Urologue-oncologue, épidémiologiste et chercheur FRQS senior au CHU de Québec-Université Laval (CHU), le Dr Vincent Fradet concentre ses travaux sur les facteurs de risque, la prévention et le traitement du cancer de la prostate. En collaboration avec des spécialistes de divers horizons –nutritionnistes, biologistes moléculaires, biostatisticiens, infirmières… –, il dirige des essais cliniques et précliniques visant à étudier les effets de différentes interventions nutritionnelles sur les mécanismes moléculaires du développement du cancer de la prostate. 

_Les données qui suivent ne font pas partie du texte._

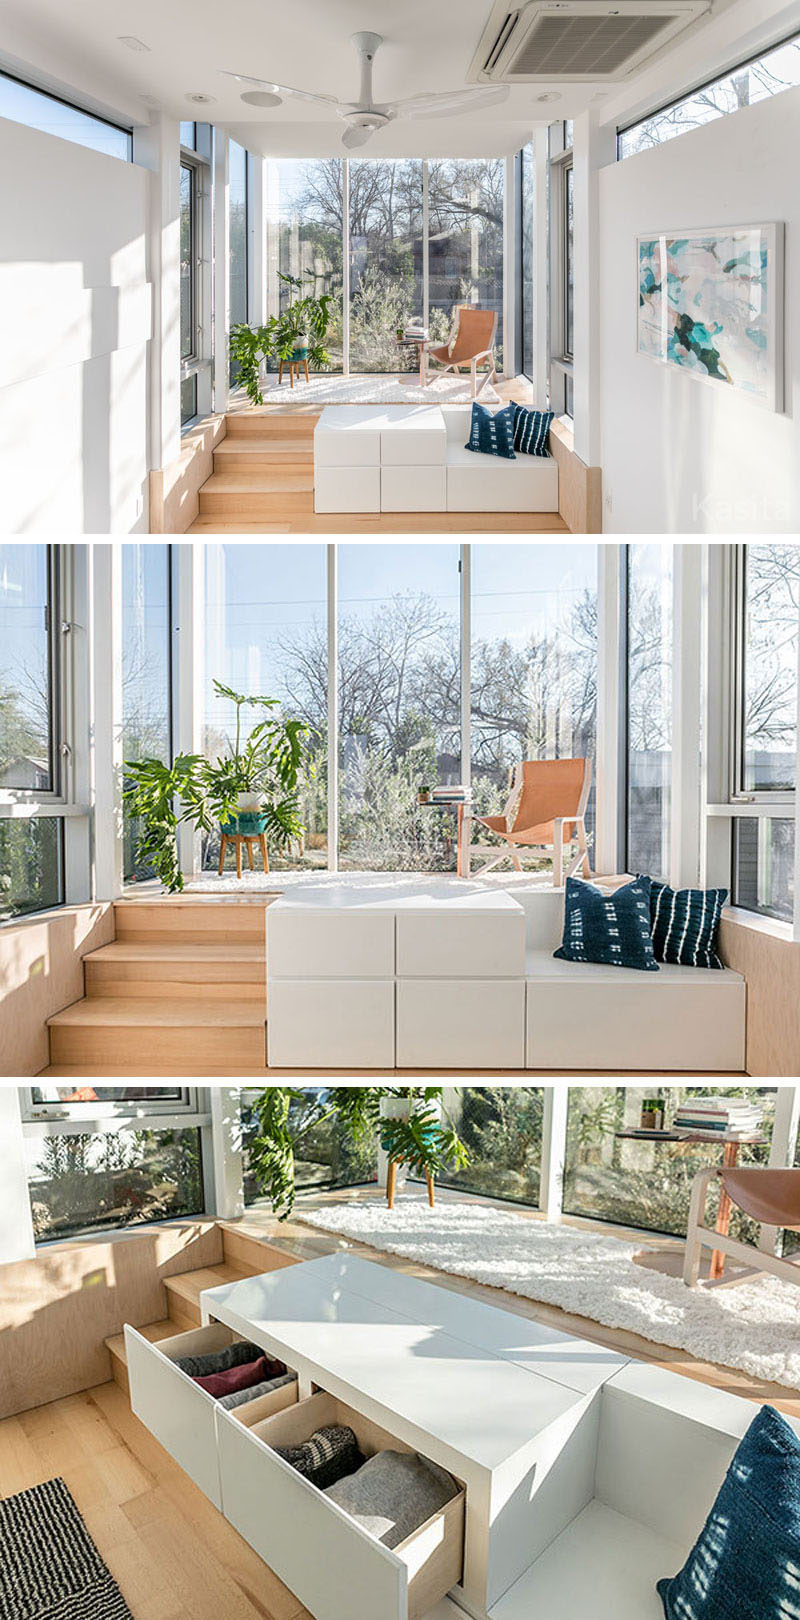 В этом современном крошечном доме есть приподнятая платформа, окруженная окнами от пола до потолка, позволяющими много света заполнять небольшое пространство. Телевизор с плоским экраном спрятан в белом отсеке для хранения с ящиками, рядом с которым также есть небольшая скамейка. #TinyHouse #TinyHome # Архитектура #SmallLiving # ModernTinyHouse #SmallHouse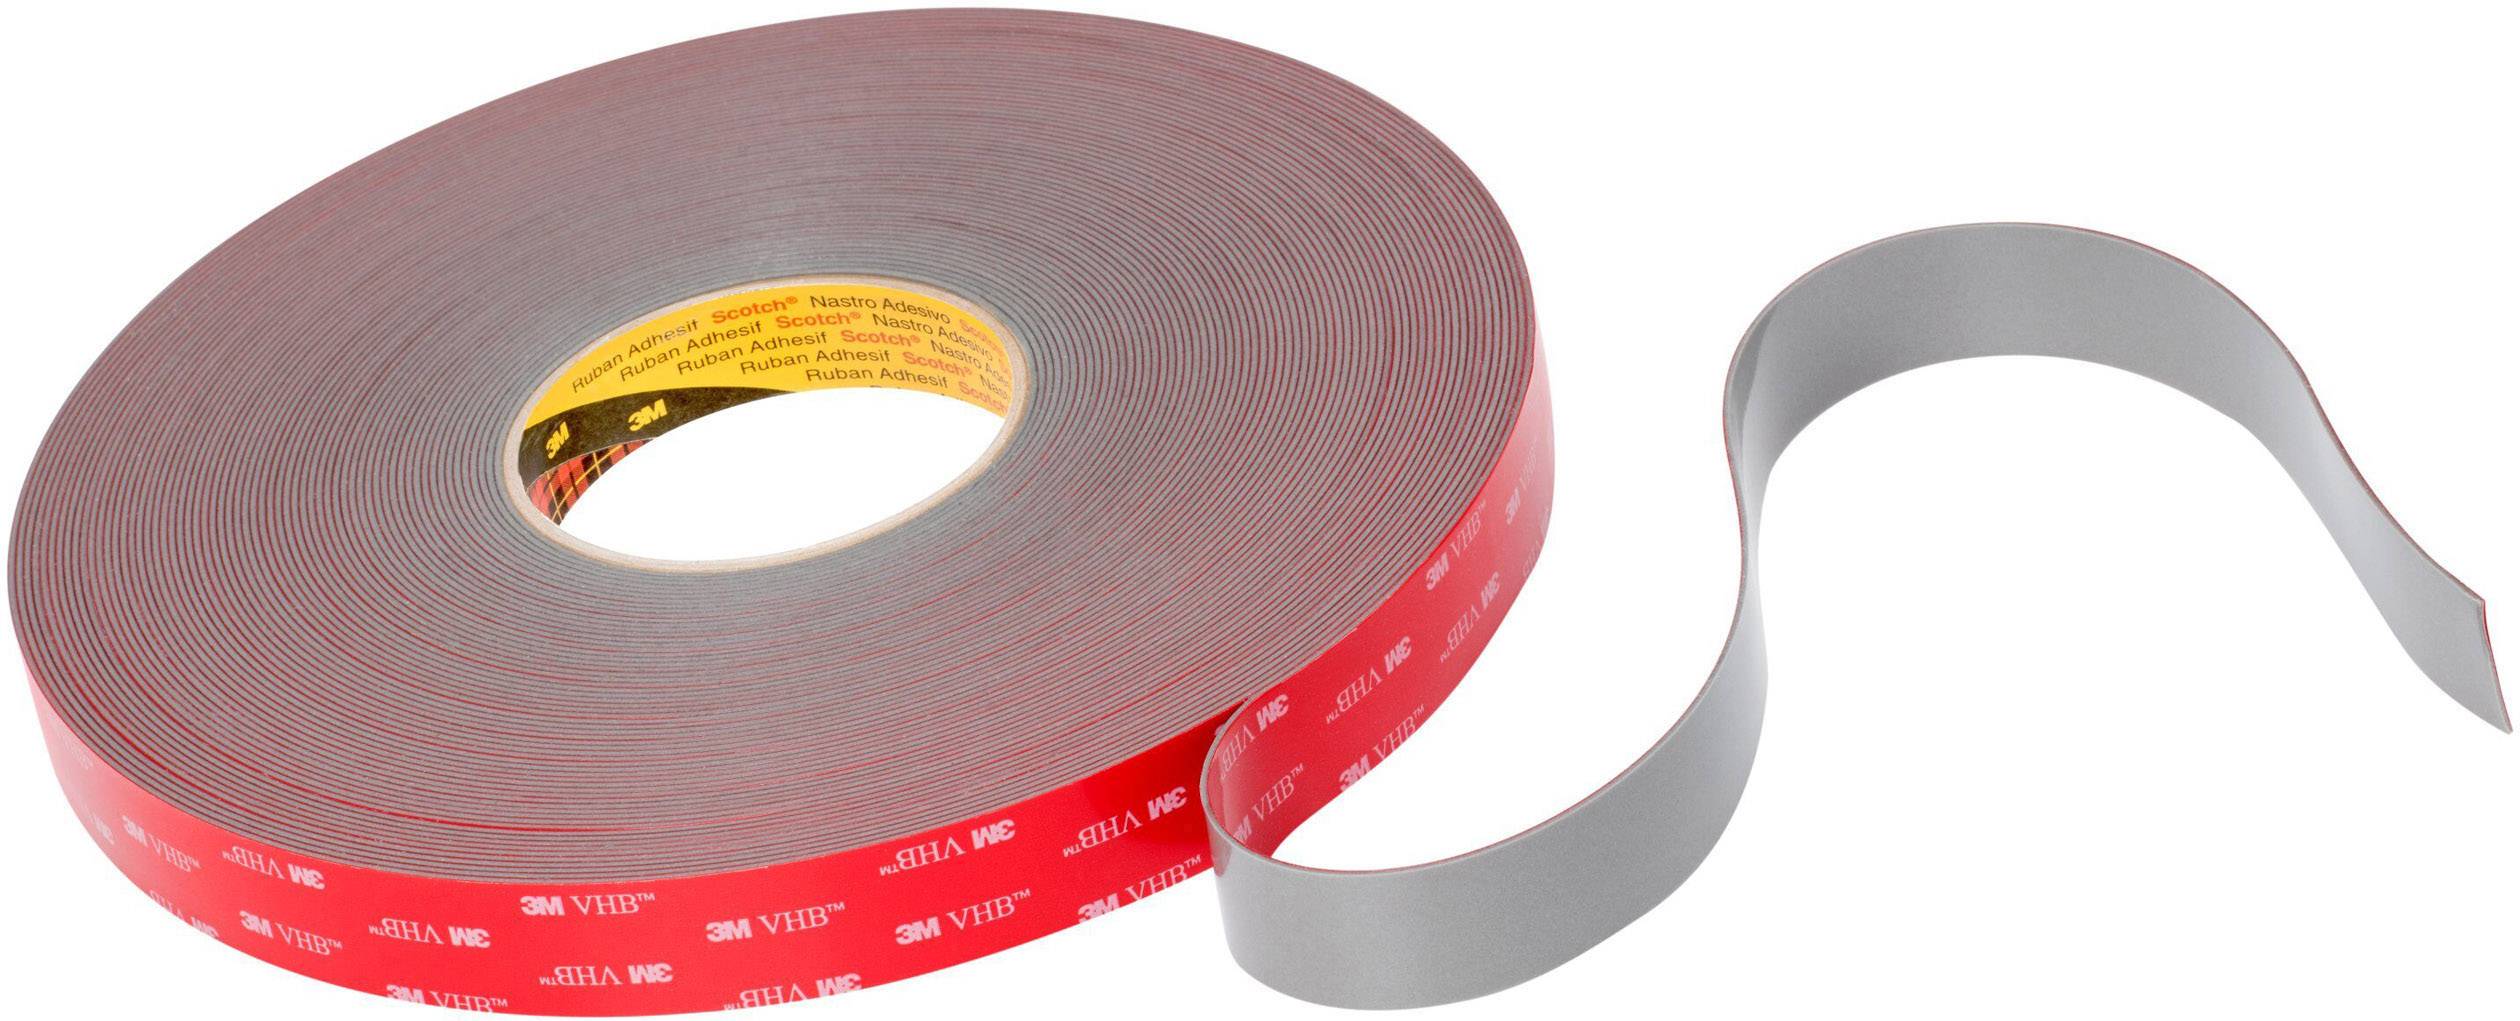 thick adhesive tape

L’une de ses études, BIOCaPPE, menée en collaboration avec plusieurs établissements de santé du Québec sur une cohorte de plus de 2 000 patients, a pour objectif principal de développer des biomarqueurs liés à la fois à l’incidence du cancer de la prostate et aux habitudes de vie. « Ce lien-là va nous donner des outils pour mieux évaluer le risque, mais aussi pour mieux intervenir sur les habitudes de vie. Le but, à long terme, est de concevoir une médecine personnalisée, basée sur les habitudes de vie des patients, afin de prévenir l’apparition, freiner  la progression et améliorer la réponse aux traitements contre les cancers de la prostate et de la vessie. »
 

Mettre la donnée en action

S’il est un domaine dans lequel l’accès aux données et la facilité à les utiliser sont primordiales, c’est bien dans le monde médical. Ces besoins n’étant pas comblés par les outils existants, le Dr Fradet s’est attelé au développement d’une solution informatique appelée CaptoMD1. Grâce à l’ajout d’une couche fonctionnelle au dossier clinique informatisé existant, cette plateforme permet une plus grande convivialité et une efficience accrue des processus de soins. CaptoMD recueille, structure, enrichit et met en contexte les données, qui sont valorisées avec des outils d’efficience clinique tels que des rapports synoptiques. Capto facilite également la collaboration interprofessionnelle en améliorant la communication et le partage de l’information. 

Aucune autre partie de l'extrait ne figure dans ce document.